With pictures left out, set down exactly the lines from the line containing "La population touareg" through the last line of the data.
COLLECTED MATERIAL below:
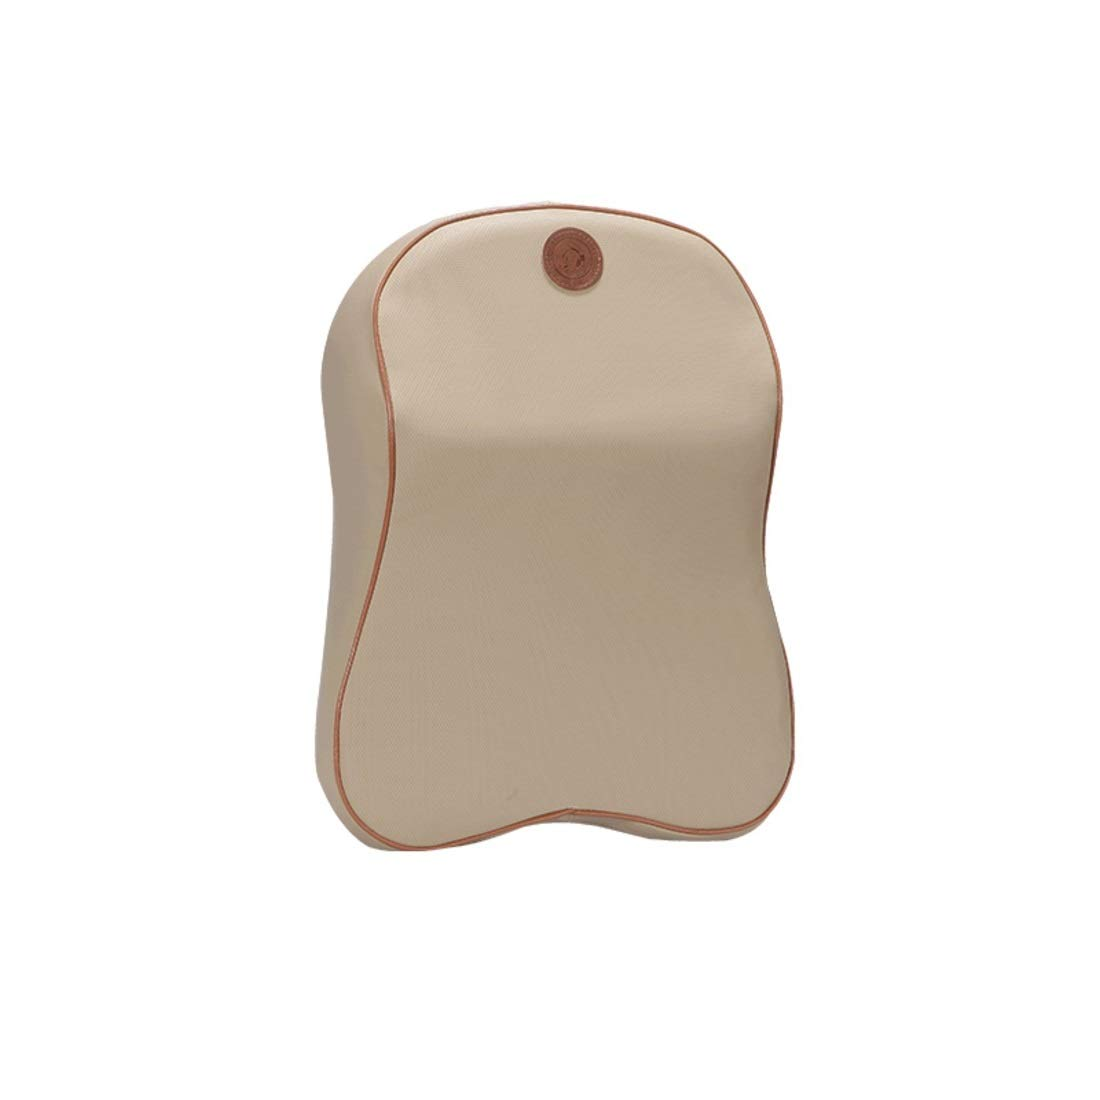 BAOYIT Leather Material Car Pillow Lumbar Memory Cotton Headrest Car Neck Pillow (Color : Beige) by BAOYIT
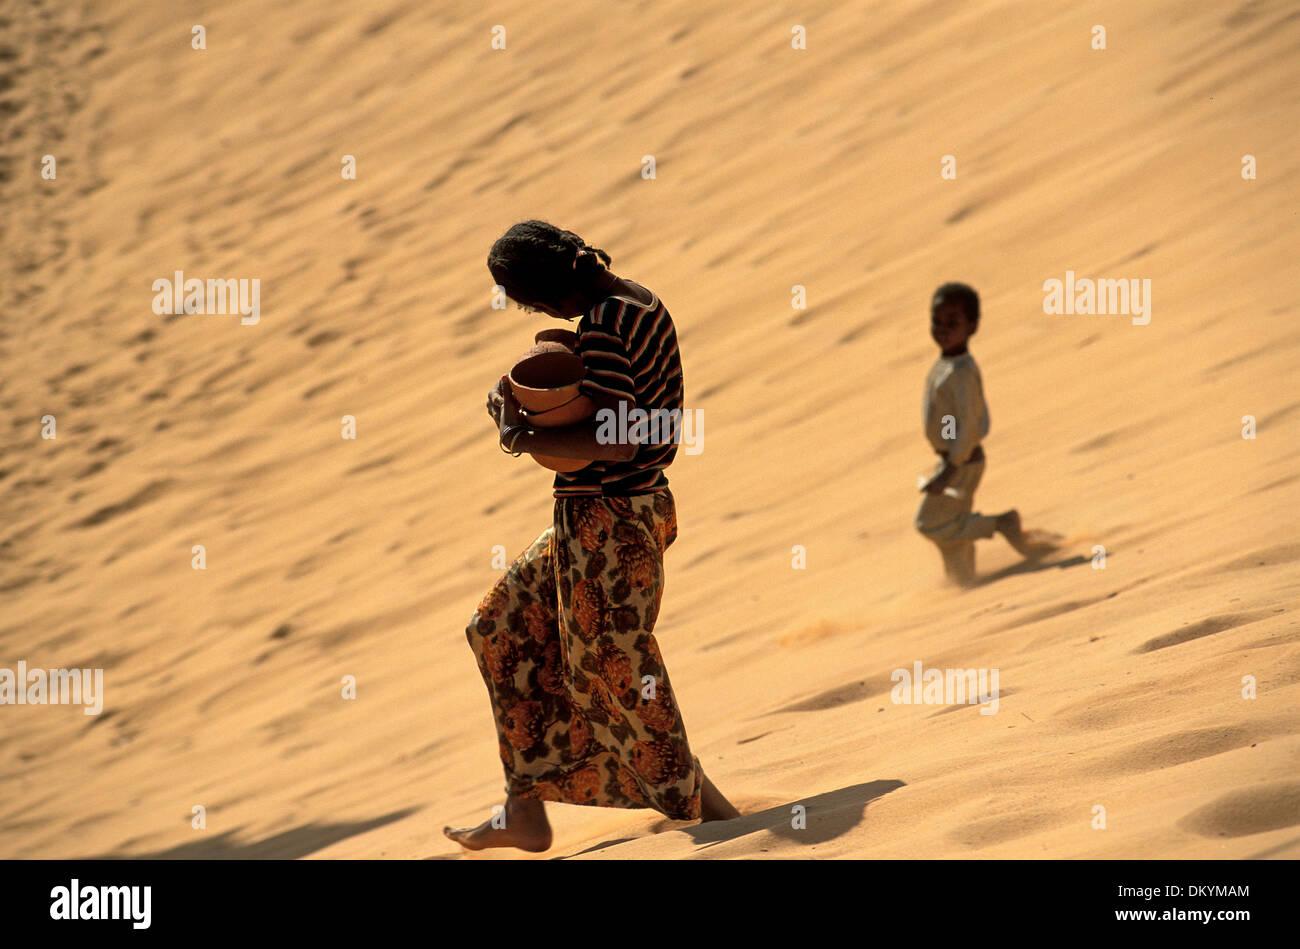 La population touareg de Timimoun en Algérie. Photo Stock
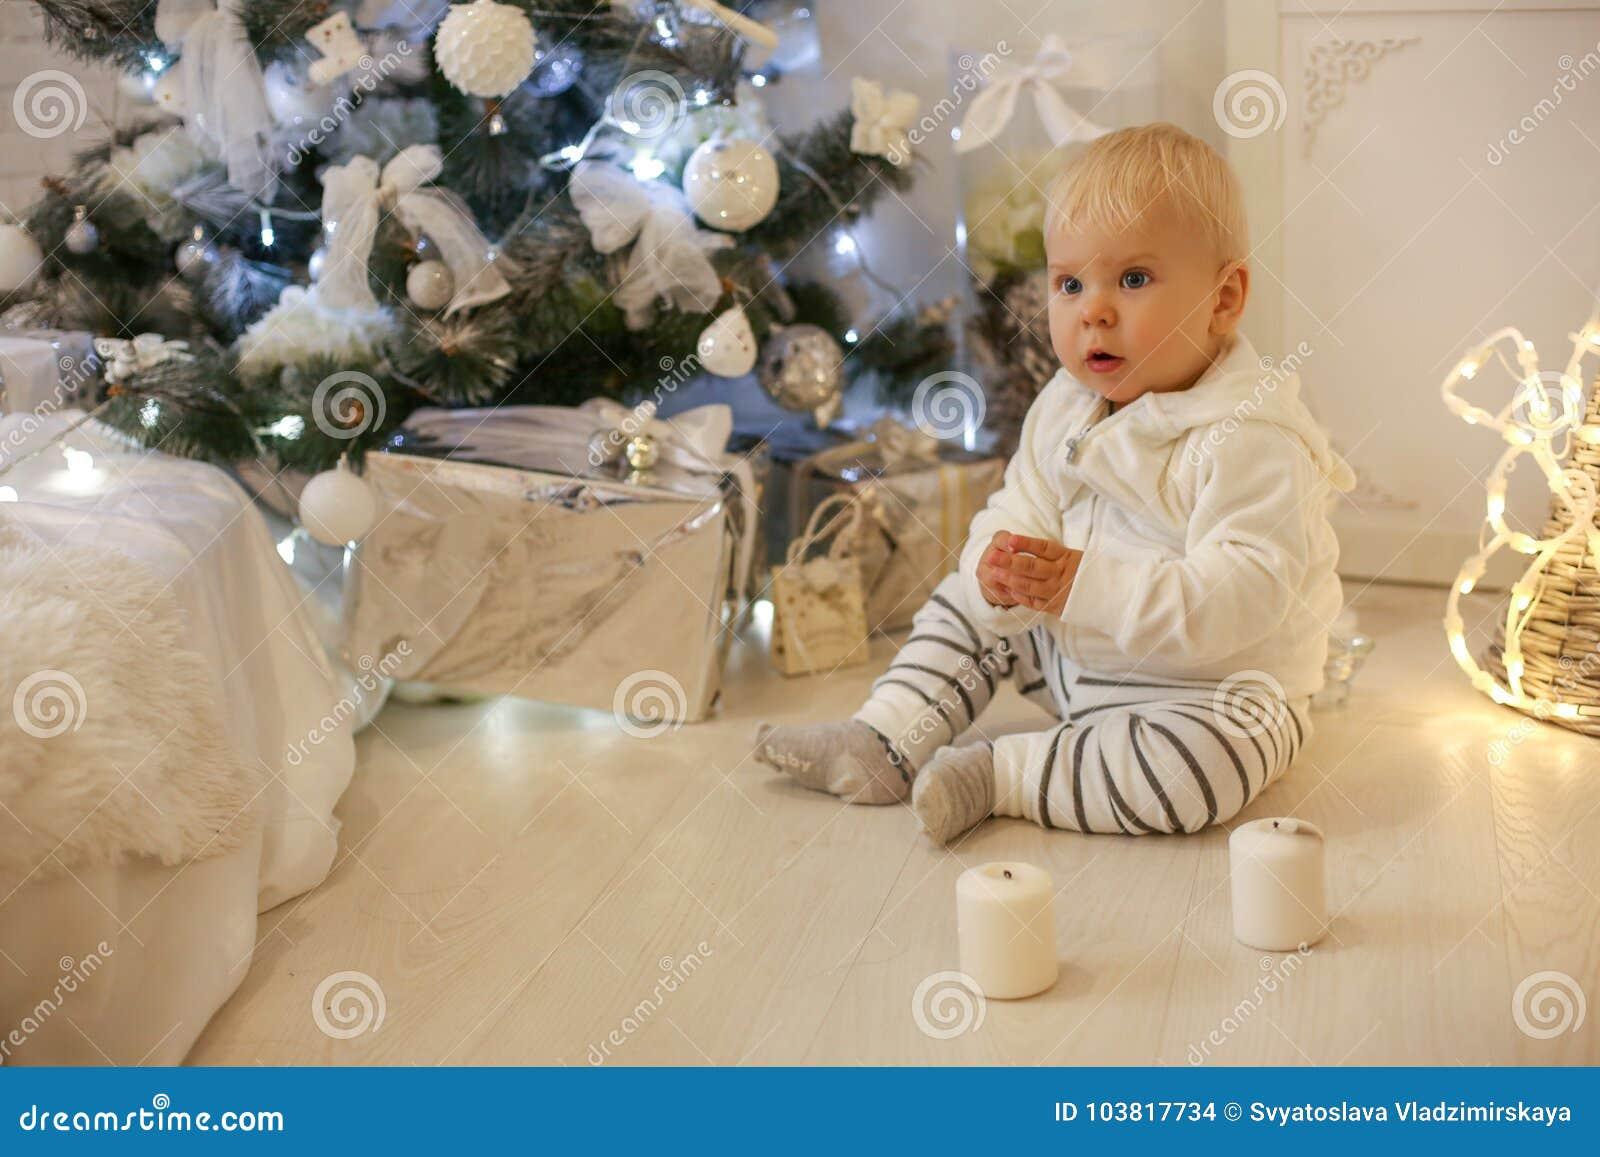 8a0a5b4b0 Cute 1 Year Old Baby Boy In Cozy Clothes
End of COLLECTED MATERIAL.
> FINISHED EXERCISE:
 La population touareg de Timimoun en Algérie. Photo Stock
 8a0a5b4b0 Cute 1 Year Old Baby Boy In Cozy Clothes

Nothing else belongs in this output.